Victus Spiritus

home

Dynamic scripting with static speed, the best of both worlds

28 Jan 2011

Many dream of success. A rare few focus on grand visions to reshape the future. Me, I fantasize about ideal software structures*.

Just a few days back I dreamt of middleware that would take completely dynamic objects and map required information into static structures which are connected to blazing fast compiled pipelines. In other words, flexible routing tables that bind dynamic to static objects, in tandem with interpreted scripts which call compiled code. This is something that I not only think is cool, but can readily apply. This form of middleware opens the door to scripting languages calling compiled c++ libraries at my day job. If you do this type of thing, I'd love to hear from you.

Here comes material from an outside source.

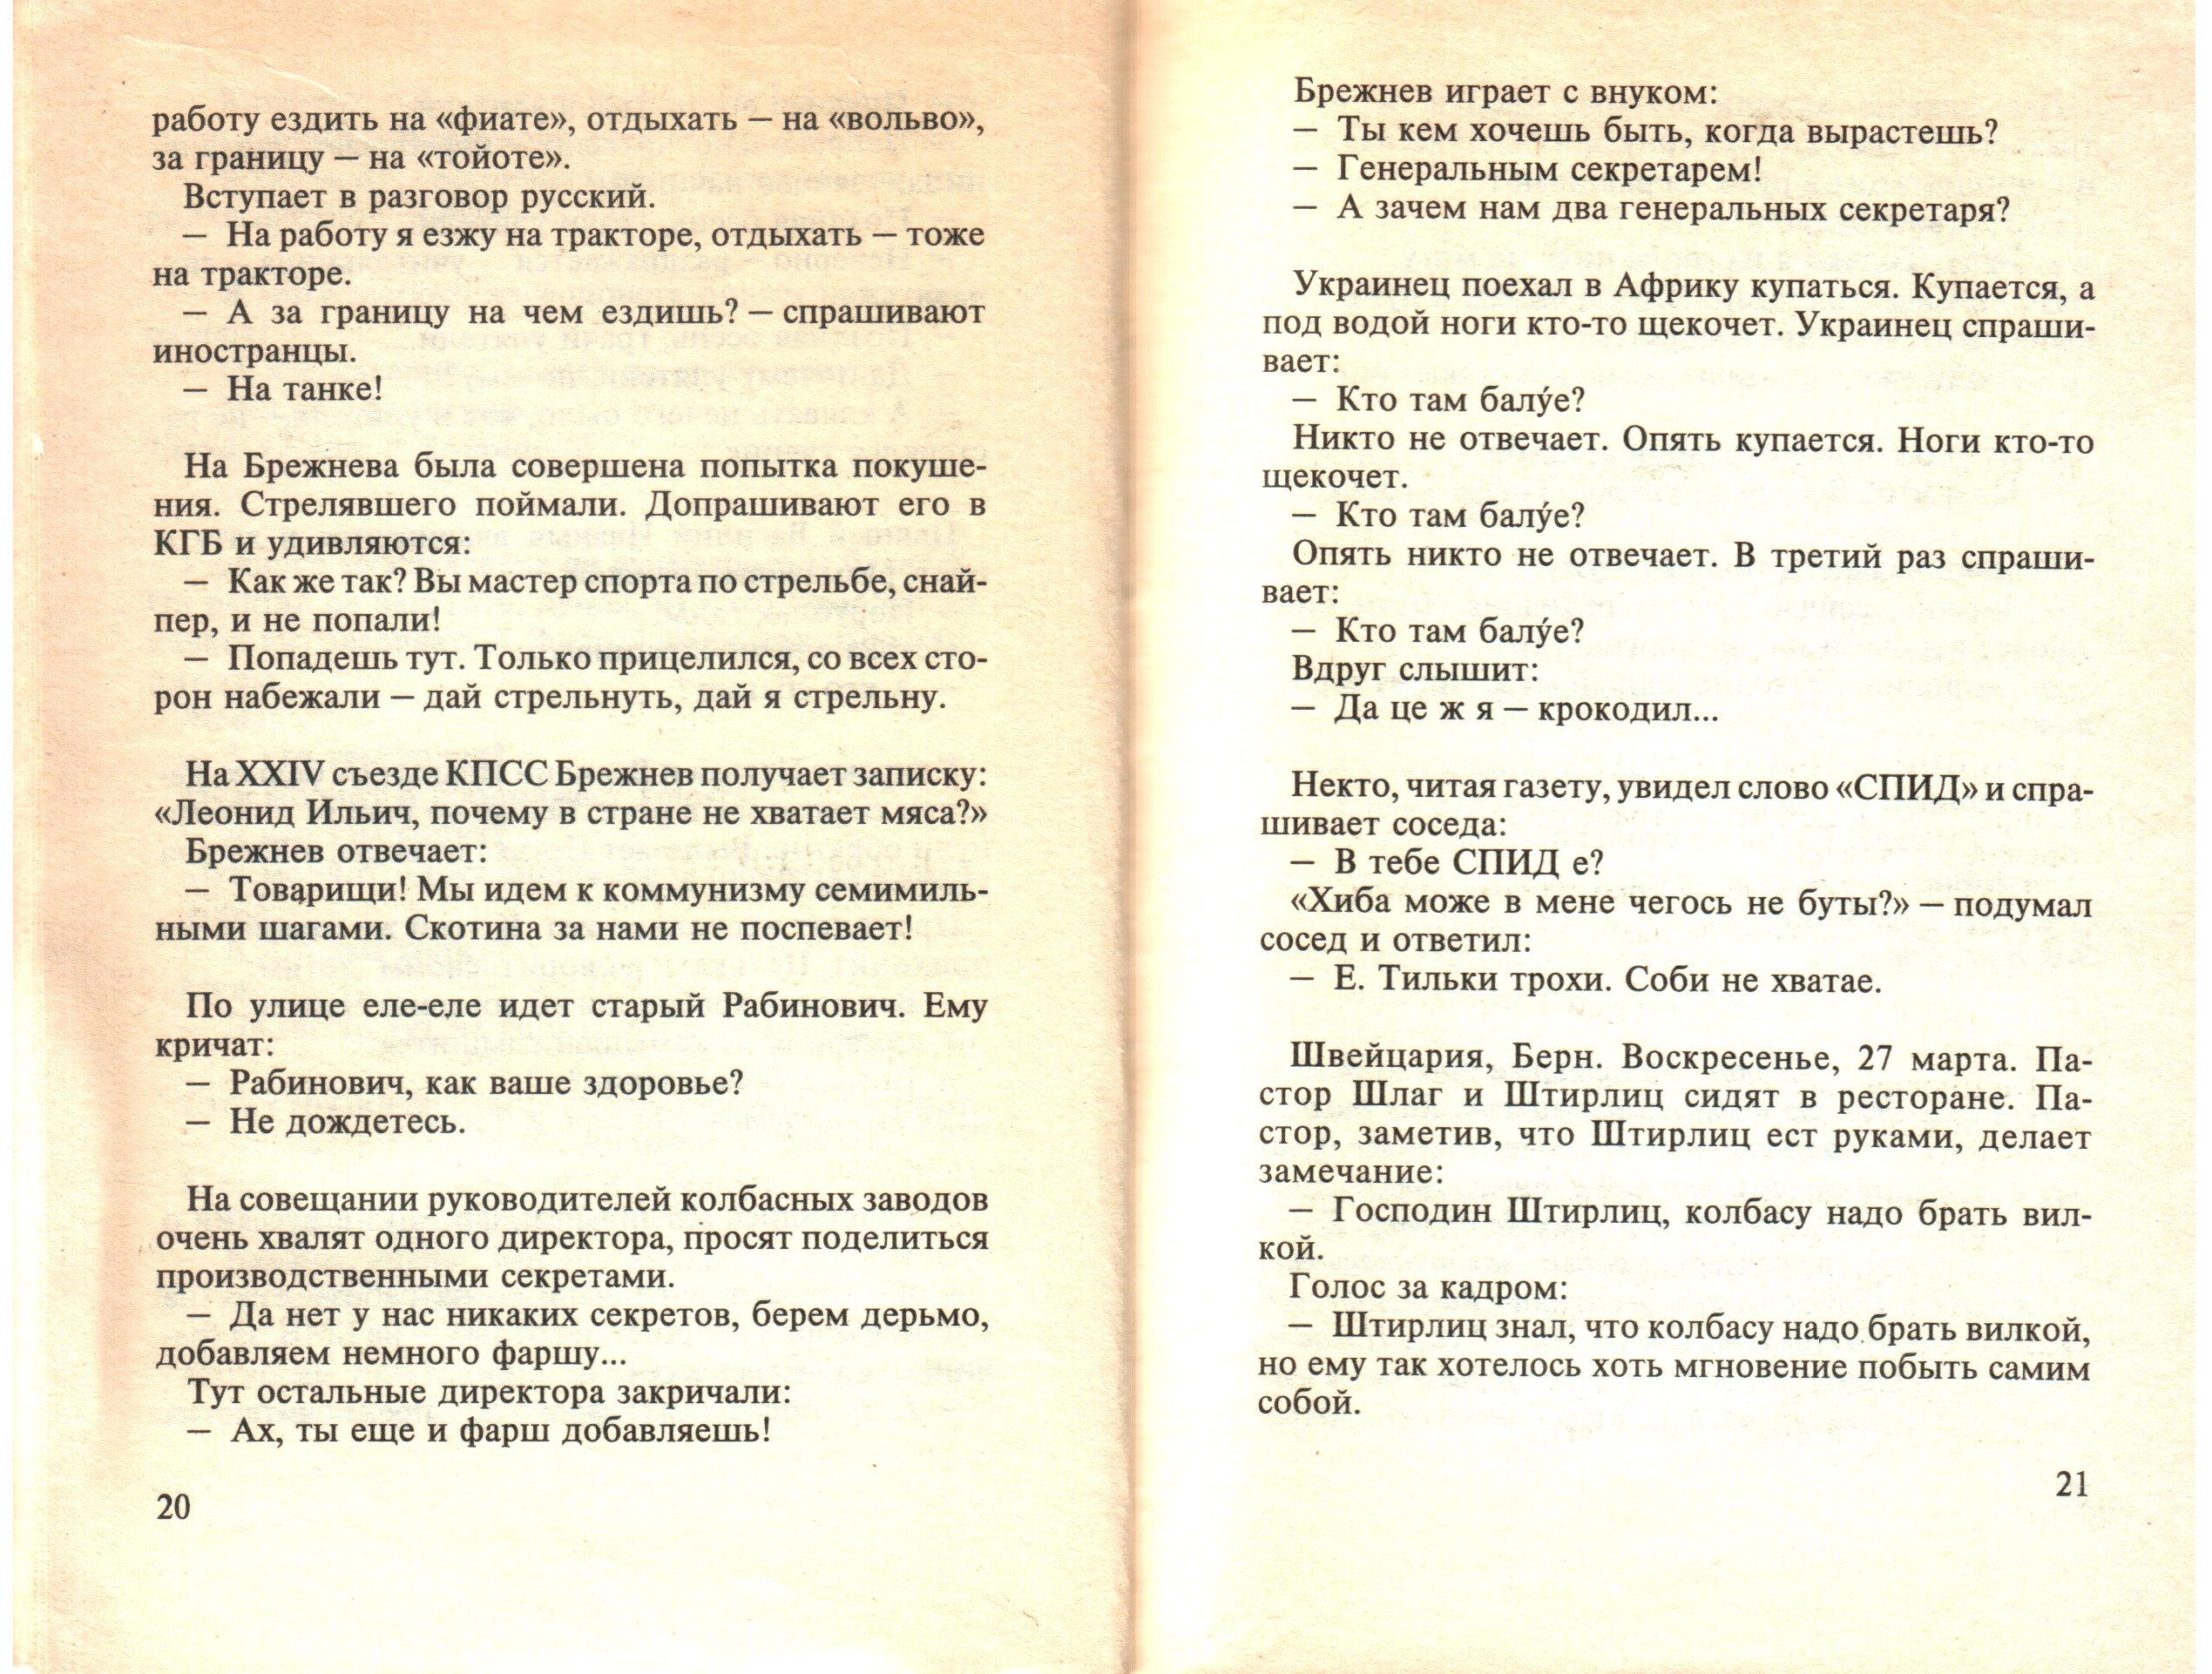 p20-21.jpg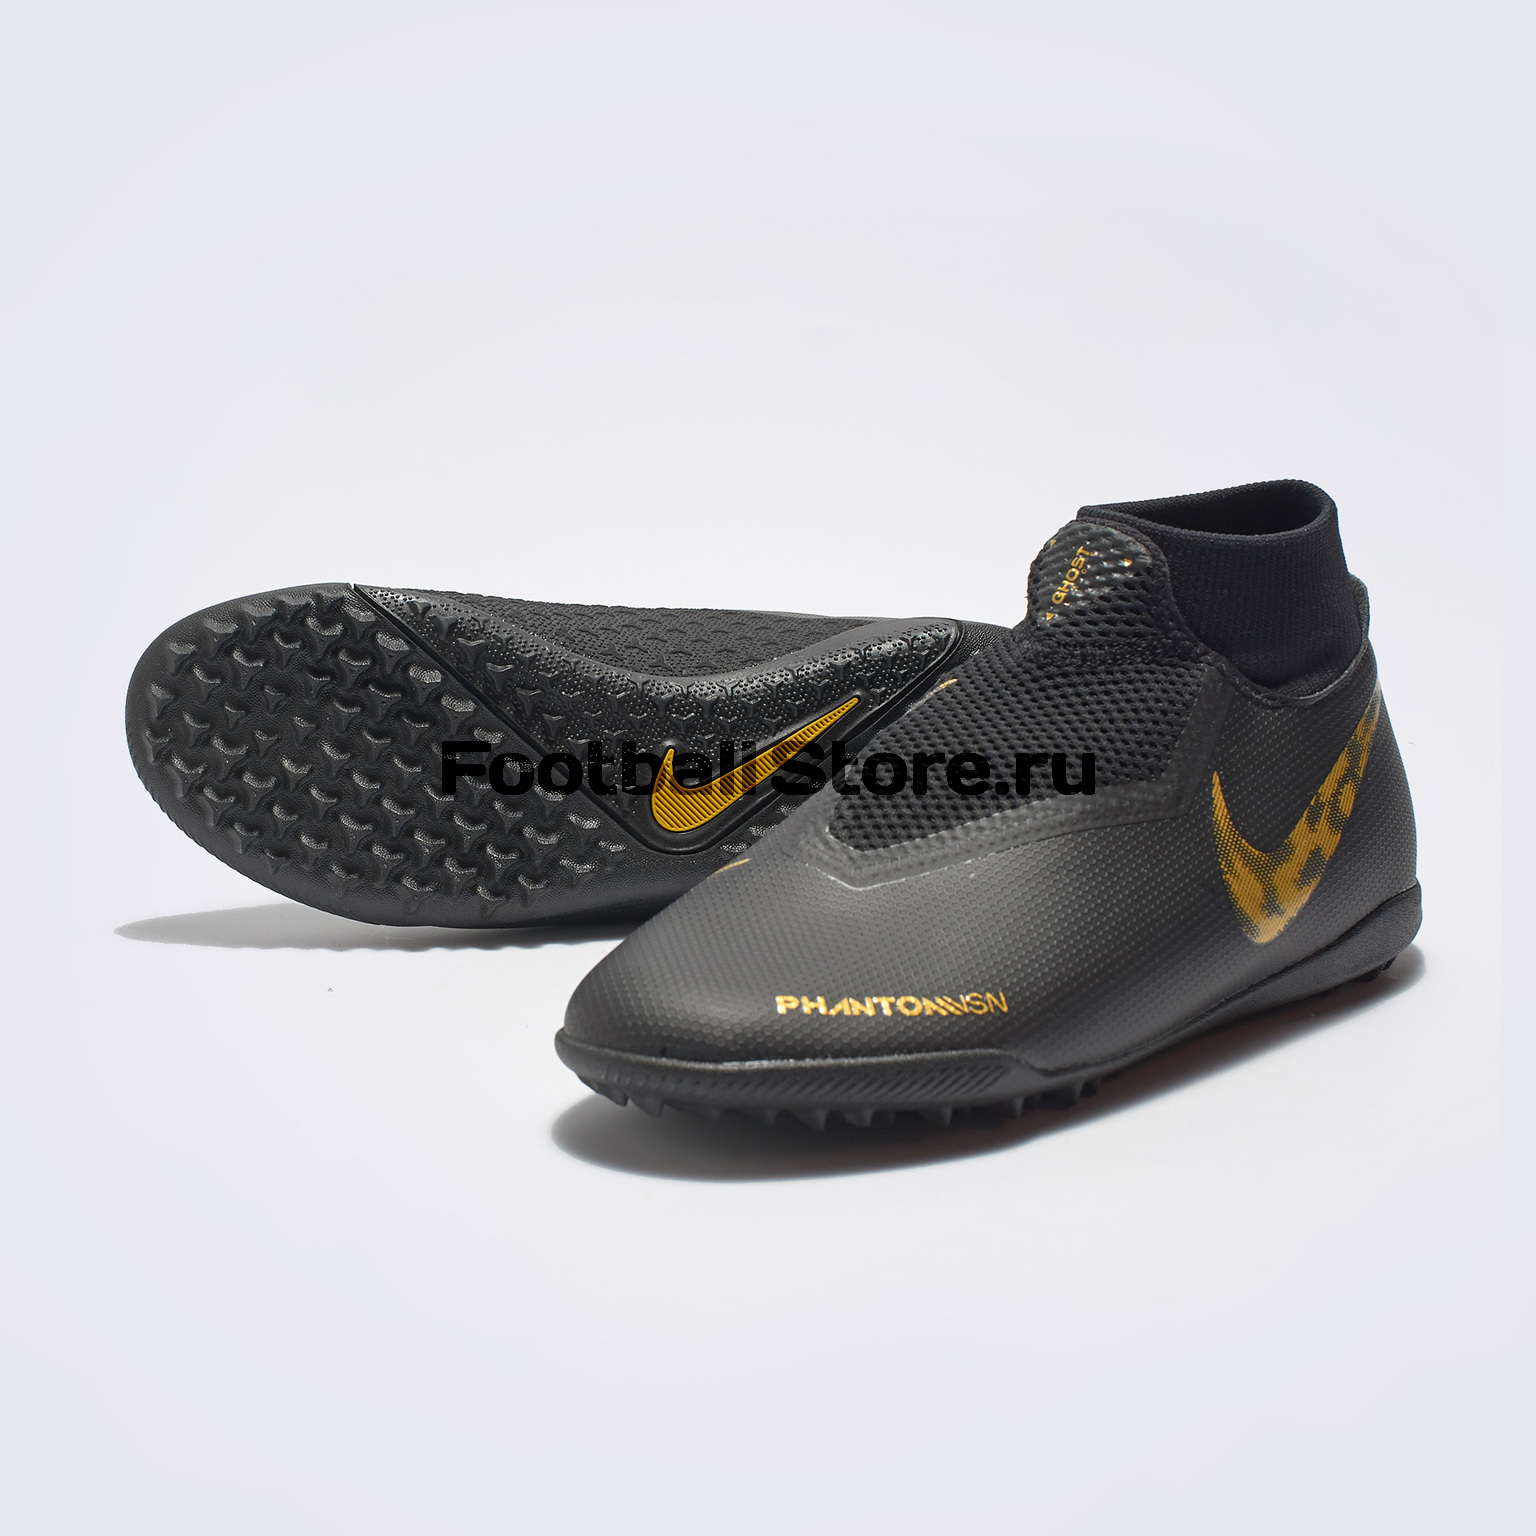 Шиповки Nike Phantom Vision Academy DF TF AO3269-077 бутсы детские nike phantom vision academy df sg aq9298 400

Highly desirable forms lead to blindspots

While this idea was baking in the background of my noodle, I scanned the following tweet from Andraz Tori (CTO of Zemanta):
[blackbirdpie url='http://twitter.com/andraz/status/30571012311482368']
Protocol buffers transfer encoded data into binary streams. Not only are dynamic calls to thinly wrapped compiled code happening, they're common place. In the HackerNews post Andraz referred to, several folks commented on their own development of rapid protocol buffers callable from Python. So the I/O layer was already well developed.

*Cough* Node.js Yo

Speaking of dynamic scripting language bindings to compiled c++ code, what about node.js? I've read a good deal of documentation on node, and toyed around with servers. One of my favorite high level descriptions of node is a post by Denton Gentry, node.js from 30000 feet:

Node.js Overall Structure

The JavaScript implementation in node.js is Google's V8. As mentioned in an earlier article, V8 compiles the source JavaScript directly to machine code the first time it is executed. There is no intermediate bytecode format and no JS interpreter. In addition to V8, node.js relies on libev for its event loop, libeio for asynchronous I/O, and c-ares for asynchronous DNS support. Like everything else in the known universe, it relies on OpenSSL for cryptography and SSL/TLS support.

A standard library in JavaScript is supplied. This provides access to the underlying C++ implementation, and also has helpful bits like a URL parser and a REPL shell for easy experimentation. One thing it does not provide is the DOM. Node.js is not a browser, there is no HTML document to interact with.

There are likely dozens of examples of bindings for dynamic scripting languages to static structures and executable pipelines. For my own personal usage it's just a matter of selecting the right tools for the job after a little more research. I'm leaning towards ruby, javascript or python calling c++ dynamic libraries with narrow exposed interfaces.